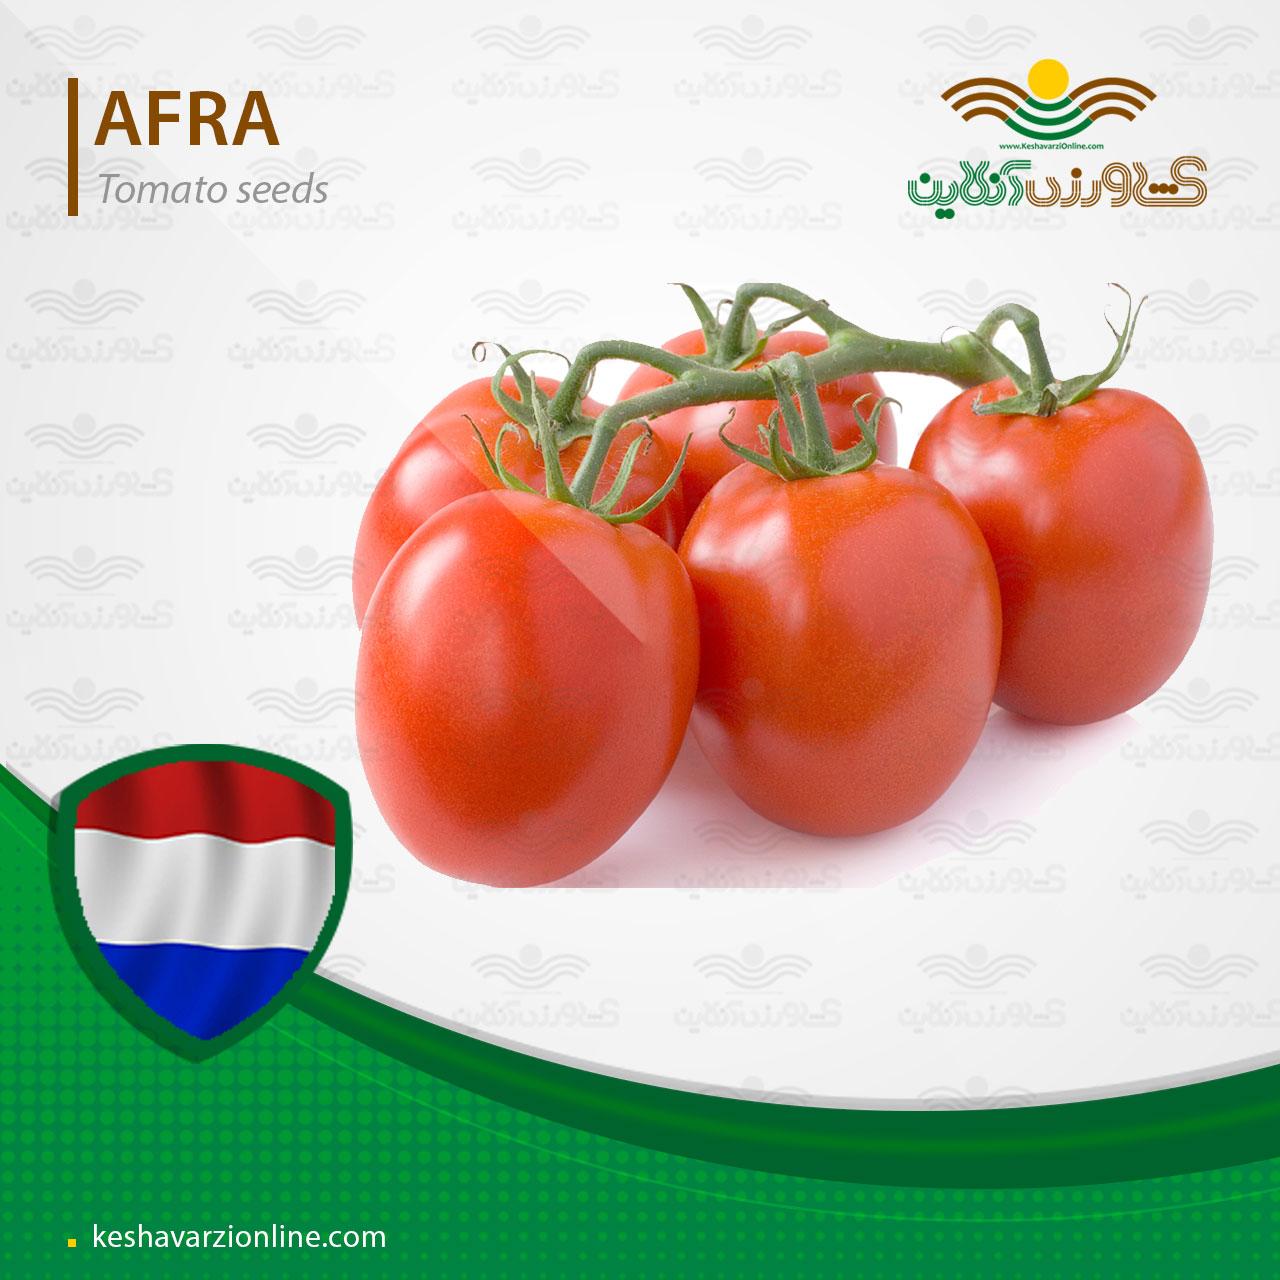 بذر گوجه فرنگی افرا
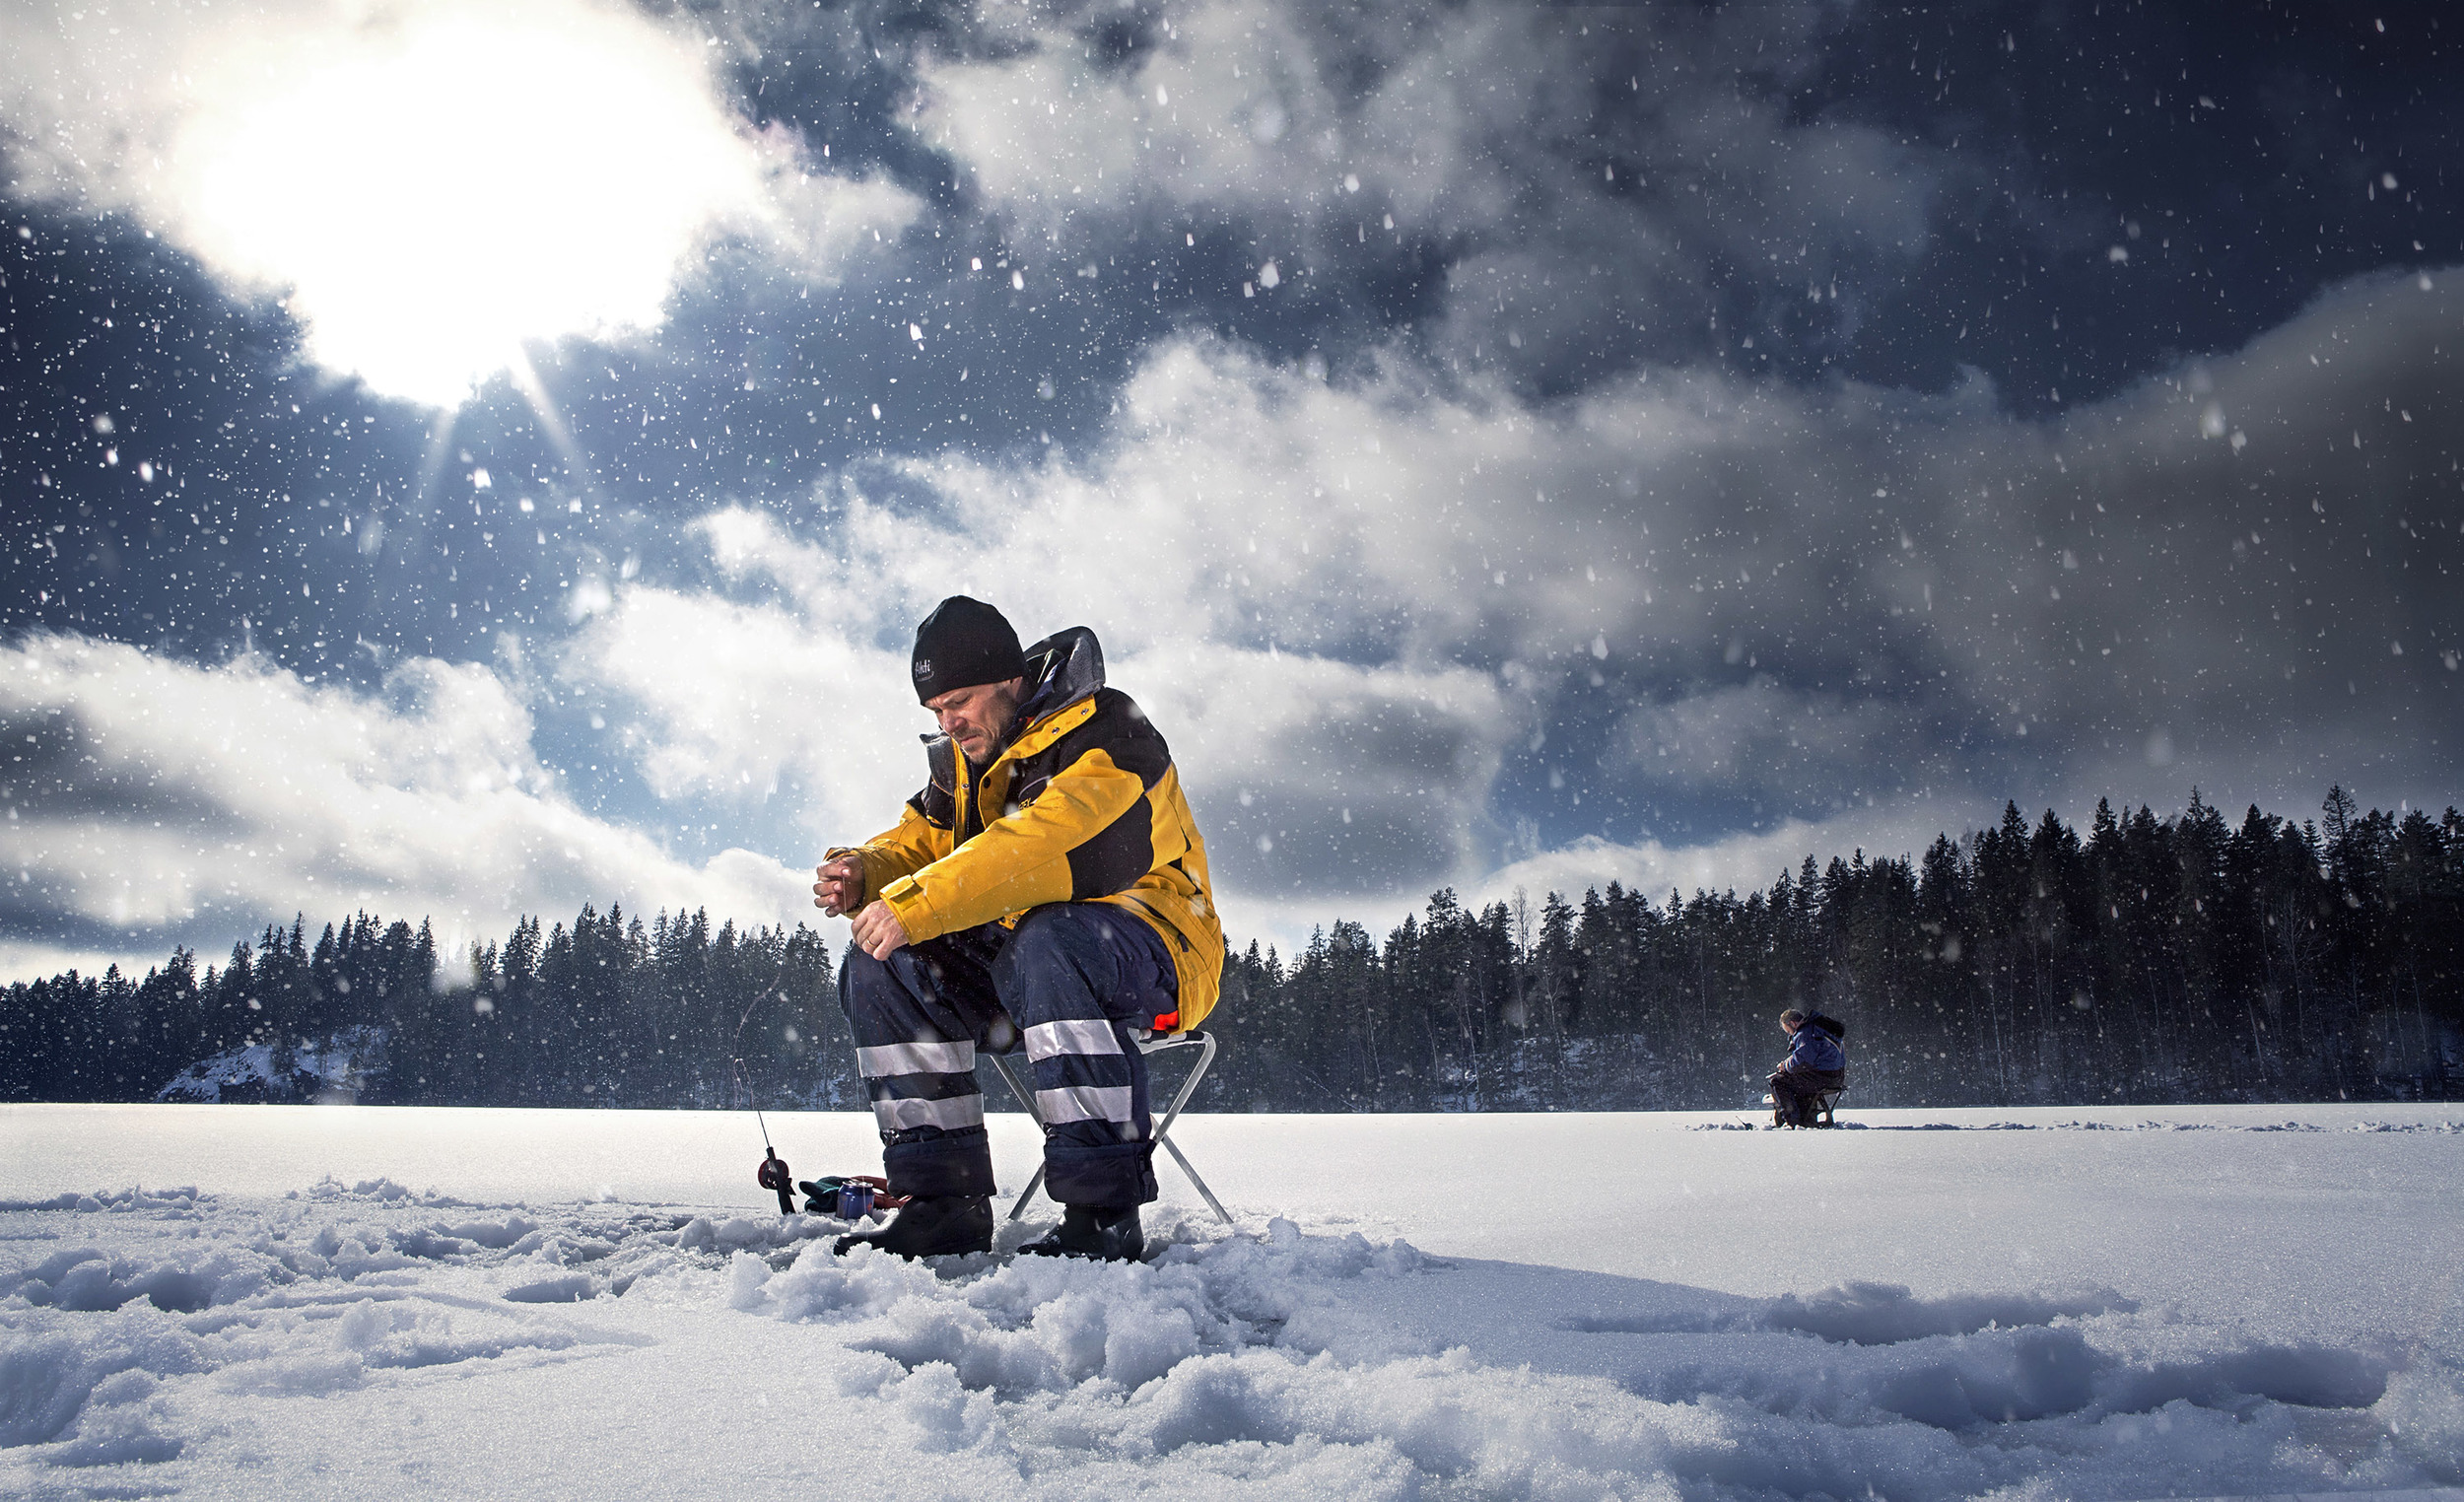 icefishing0001.jpg
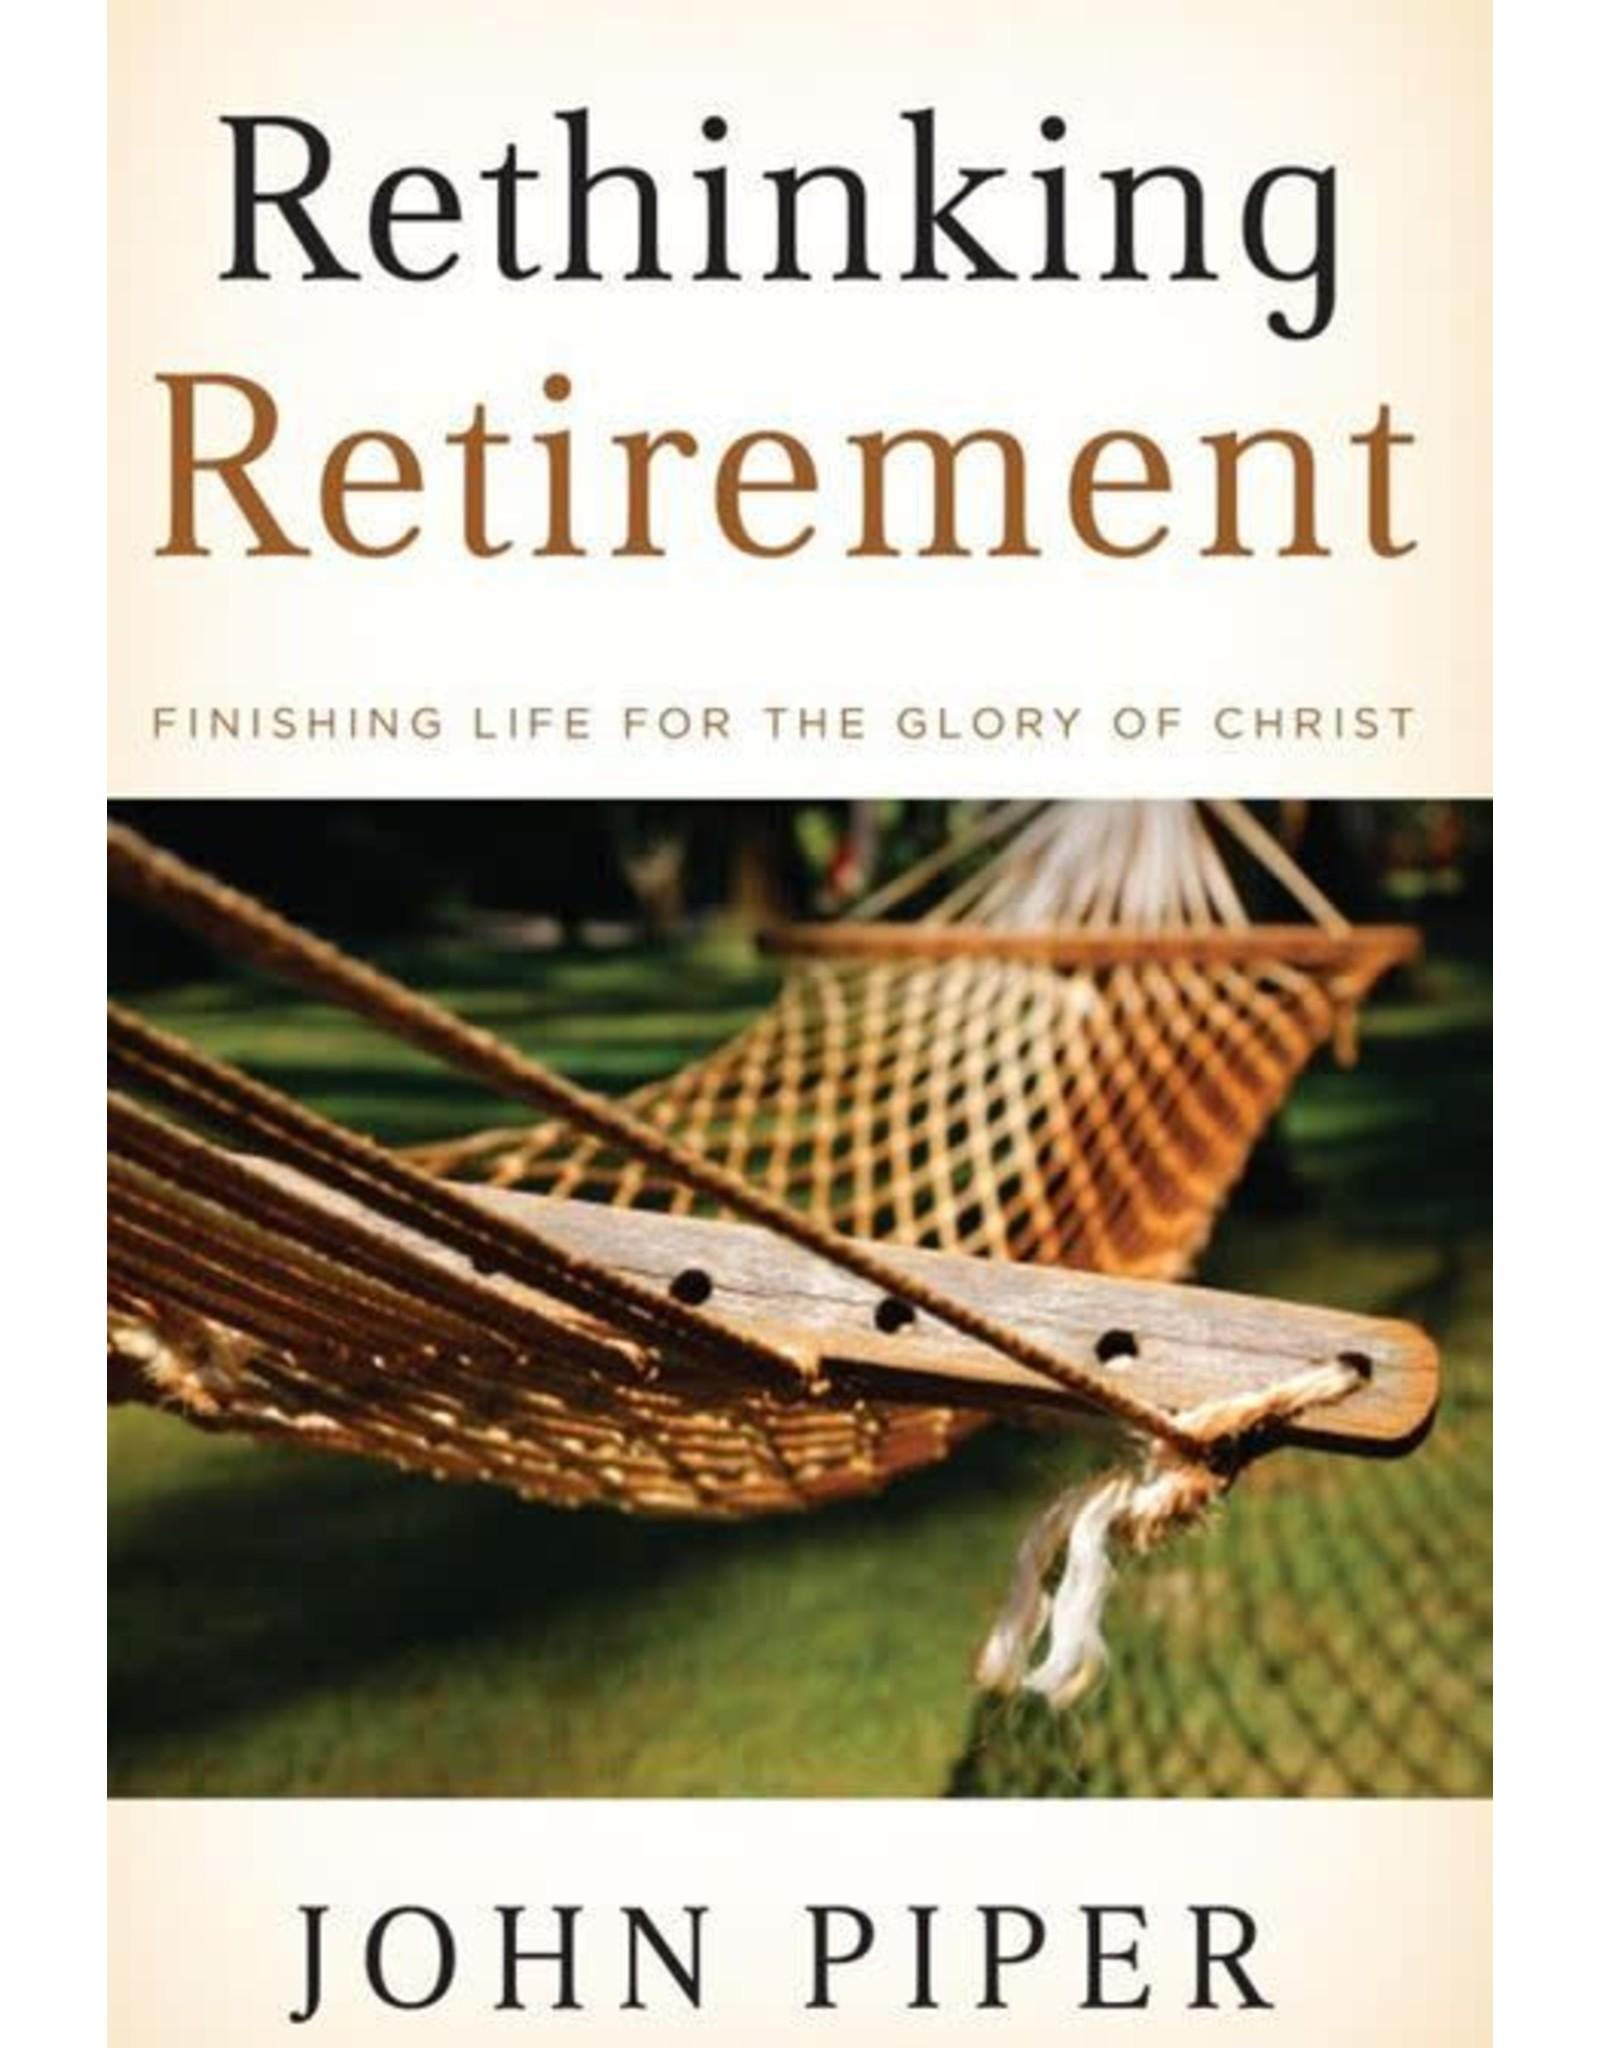 Hovel Audio Rethinking Retirement: Finishing Life For the Glory of Christ (Audio CD)

> _Work to complete_
Without copying any picture, repeat the full listing above word for word.

> _Solution to this exercise_
 بذر گوجه فرنگی افرا
 icefishing0001.jpg
 Hovel Audio Rethinking Retirement: Finishing Life For the Glory of Christ (Audio CD)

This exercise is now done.